Private members are always restricted to the class in which they were declared. Even when there is inheritance, they are not accessible to the daughter class. This class even welcomes the private members of its mother, but cannot access them in the code of the child class, nor can it access the members of the mother through super
. When opting for a private member is saying that he can not leak "under any circumstances" from his class, not even the derivatives.
It is not so at all possible to do it via reflection, but it is a trick to go over the language. This can be abused, so it is purposely not easy to do. It is necessary to understand that the protection that language gives is only to cover the well-meaning misuse. It is not a guarantee that there will never be access to members.
Members that must be accessed by child classes must be declared as protected
. There is an inheritance of these members with visibility in it, as well as the public
, obviously. I think it is also obvious that the protected cannot be accessed outside the daughter class.
Another common mistake is to think that the child class accesses members of another class when there is inheritance, this is not the case. The mother class members become part of the daughter class, not accessing elsewhere. There are no two distinct objects, one for the mother instance and the other for the daughter instance, there will only be the daughter instance that holds all the members, their own and the mother’s.
Well, roughly speaking, it’s like the compiler copied everything from the mother class and glued it to the daughter class. You’re not seeing the members there in your code, but they’re there when you put that down to inherit from a class.

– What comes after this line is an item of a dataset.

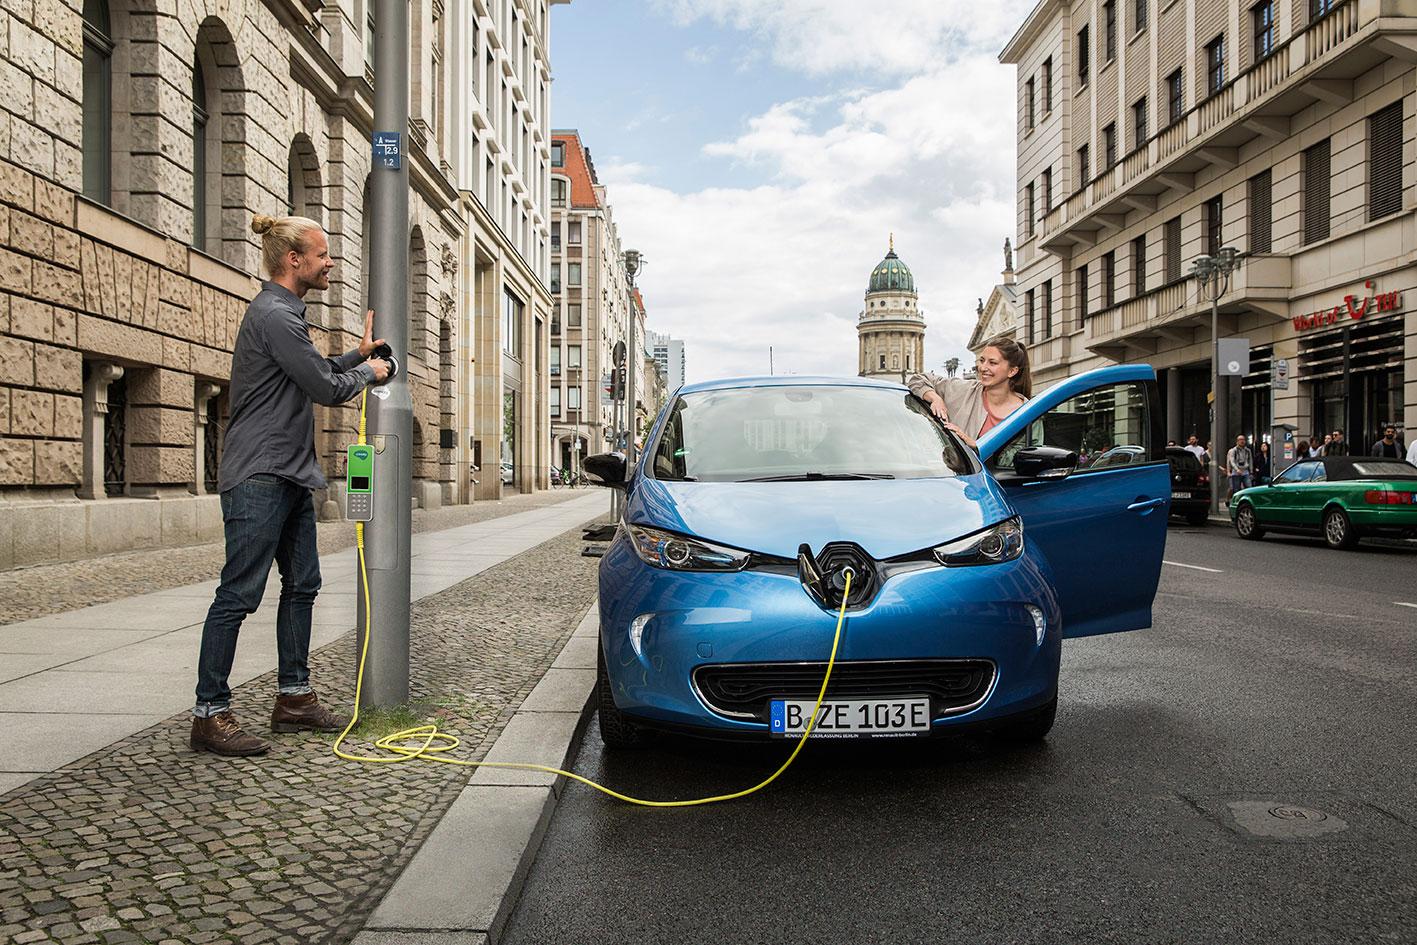 E-Auto an der Straßenlaterne laden – geht das? » smarter-fahren.de

Private members are copied, but not visible to the child class code.
The methods accessors are generally public and are inherited. If you do not want them to be public but want the daughter class to have access to them, then they should be protected
, there’s no other way. And of course the variable that will support these methods must have at least the same visibility - I would say at most the same too, it may not be so, but it doesn’t make any sense.

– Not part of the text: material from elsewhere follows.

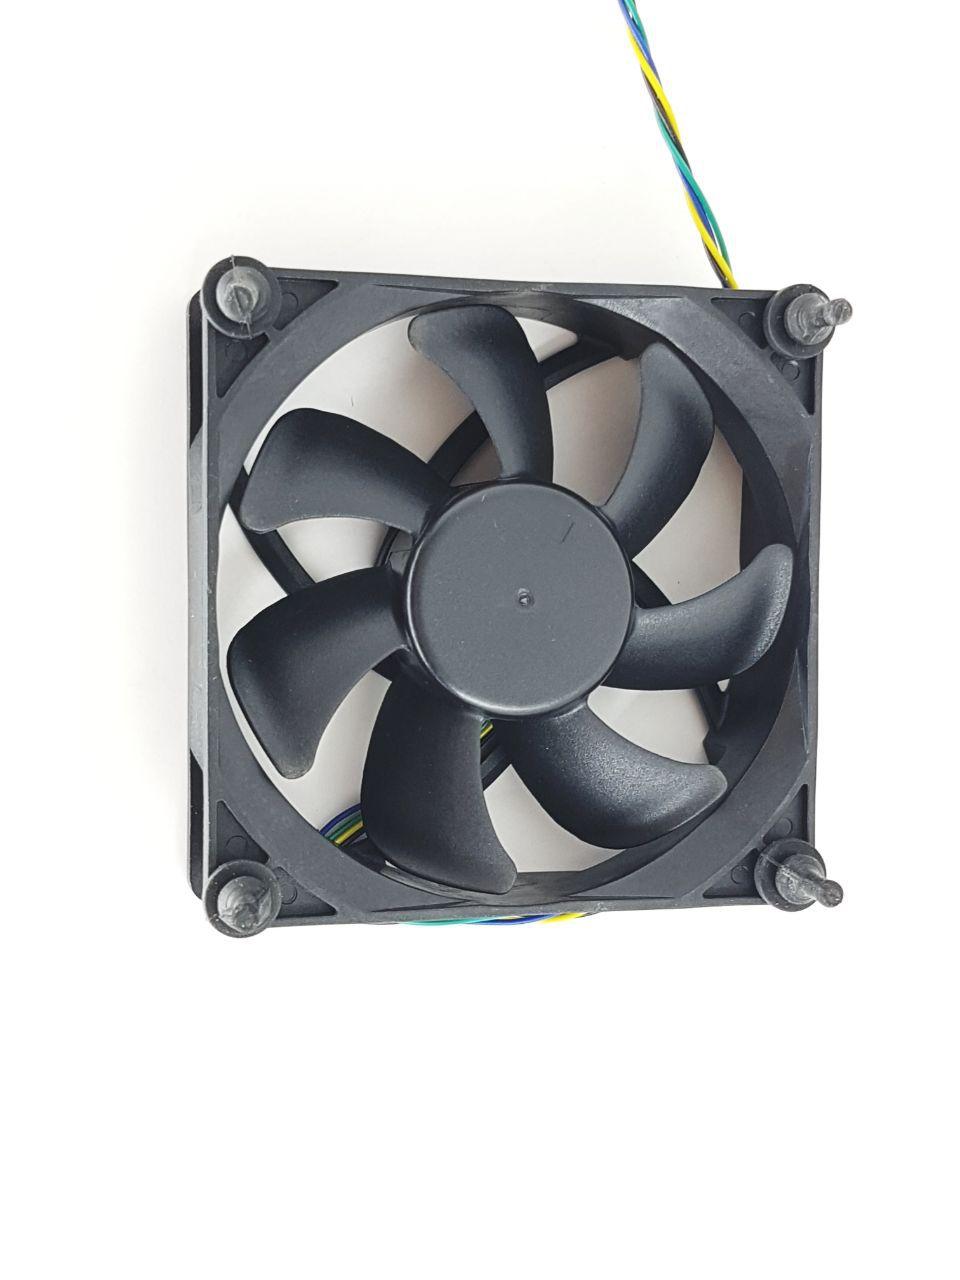 Cooler Ventoinha Delta Qur0912vh 90x90x2.5cm Lenovo

I had this doubt because it is often put as default values for attributes with initialization in constructors. I thought that if I inherit a class that has these initializations in the constructor and I give super in the daughter class I could not get those initialized values from the mother class?
– Aline
So if they go
public
orprotected
, they will be in the daughter class and can access them like this. If they areprivate
, there is no way to access them directly by the daughter class, can through a methodsuper
, I’m not sure I understand that question. I’m not sure I have. When so try to put one in the question a concrete example of what you are trying to do, so it is easier to visualize and propose an alternative.– Maniero
OMG! Now I understand the builder is public.
– Aline
In general, yes, it is possible to do it privately, but in a few cases this is useful.